Chlorophyll fluorescence technique has been used in several species as an indicator of plant sensitivity to environmental stresses such as salinity (Percival and Fraser, 2001; Percival et al., 2003; Smillie and Nott, 1979), drought (Percival and Sheriffs, 2002), heat (Hetherington et al., 1983; Percival, 2005; Yamada et al., 1996), chilling (Hakam et al., 2000; Lurie et al., 1994; Percival and Henderson, 2003; Wilson and Greaves, 1990), and freezing (Forney et al., 2000; Zulini et al., 2010).
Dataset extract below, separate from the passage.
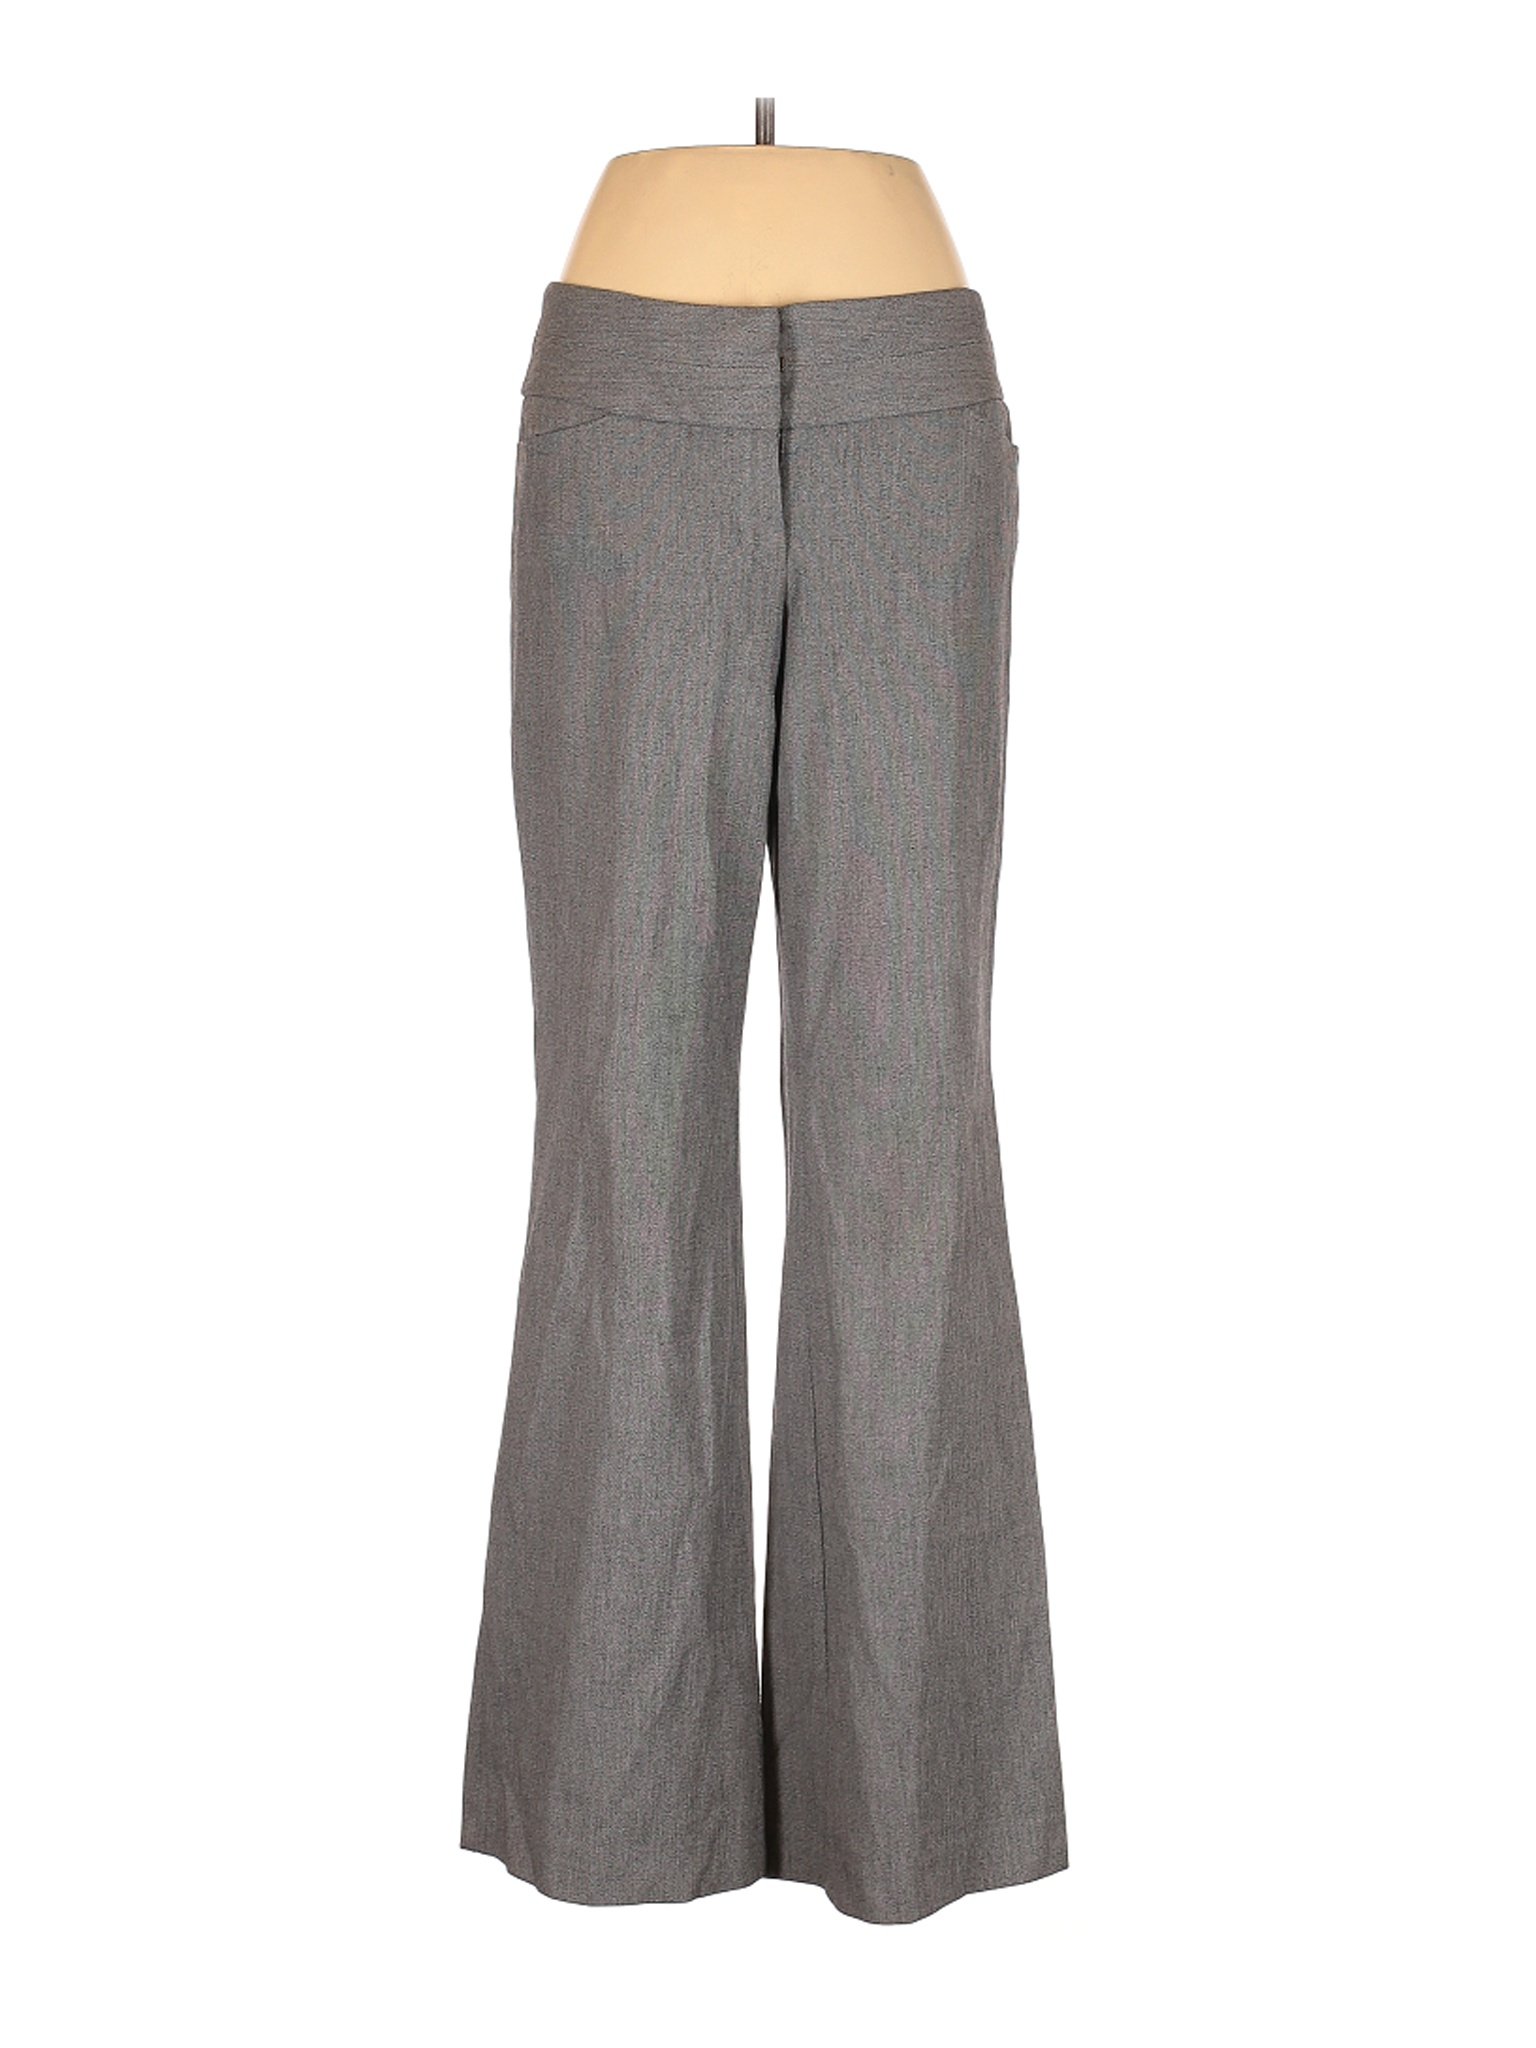 Express Women Gray Dress Pants 8 | eBay

Several studies have indicated that reductions in chlorophyll fluorescence occur in plants at temperatures near their chilling threshold. Smillie and Nott (1979) reported that the decrease in chlorophyll fluorescence of leaves during rapid chilling at 0 °C can be used as an index of the chilling sensitivity of plant species. Khanizadeh et al. (2000) and Sthapit et al. (1995) suggested that chlorophyll fluorescence can be used for estimating the stress tolerance of strawberry and rice, respectively, which is useful in selecting resistant spring frost selections in breeding programs.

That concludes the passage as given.